And the hits just keep on coming. Consumer Reports just released a report that finds 76 percent of consumers will be cutting back on their holiday spending (click here to read). Outdoor Industry Association reports outdoor retailer sales, long argued to be recession-proof, are now taking lumps, too (click here to read). And, the National Retail Federation issued a November report that showed cargo volume at major U.S. retail container ports fell again in October and hit their lowest levels since 2004 (click here to read).
SNEWS® knows the current economic state is important to your business. This is one look at different ways it's affecting our industries and your business in a periodic and ongoing series of stories in SNEWS. This time around we interviewed Steve Pruitt, senior consultant of Blacks Retail Analysis -- www.blacksretailanalysis.com -- a retail consulting firm specializing in helping retailers operate at peak efficiency even in challenging economic times. Stay tuned for more in-depth reporting on the current situation as it develops and changes, from interviews with experts, closer looks at small businesses and how they are coping, to economic statistics, breaking news and how it affects consumers.
In an email notice to his retail clients, Pruitt wrote, "Business may be down by 30 percent, but remember, 70 percent of customers are still shopping.
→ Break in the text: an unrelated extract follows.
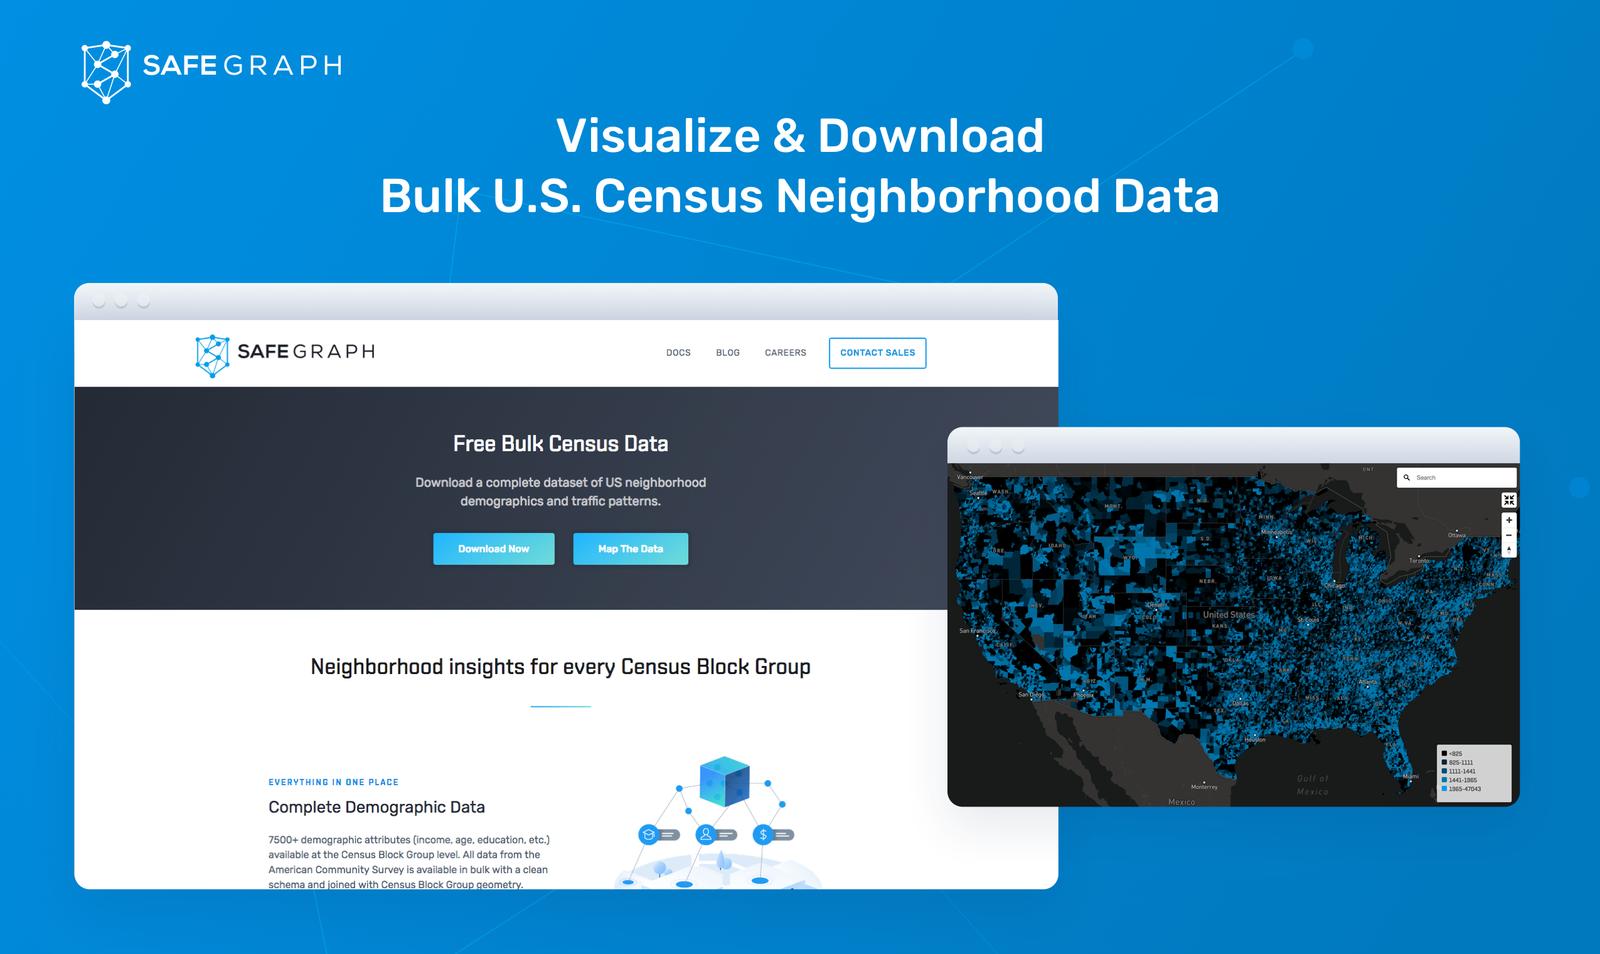 Open Census Data - Visualize & Download Neighborhood Demographic Insights

Keep your focus on these customers." Which is very good advice, considering that Pruitt sees the economic downturn lasting well into 2009.
"We actually started seeing a retail slowdown starting during the April/May period of 2007. Typically, these cycles last 18 to 20 months, which meant we were anticipating a rebound just in time for the holidays this year," Pruitt told us. "But five weeks ago, the dream of a holiday rebound was shattered with further financial unraveling that was unprecedented, meaning we are in a double dip -- back into another 18- to 20-month cycle of slowing retail trends."
Pruitt said he hopes that this second cycle will last less than the typical 18 to 20 months, shortening to 12 months, but he admits everyone is in uncharted territory now.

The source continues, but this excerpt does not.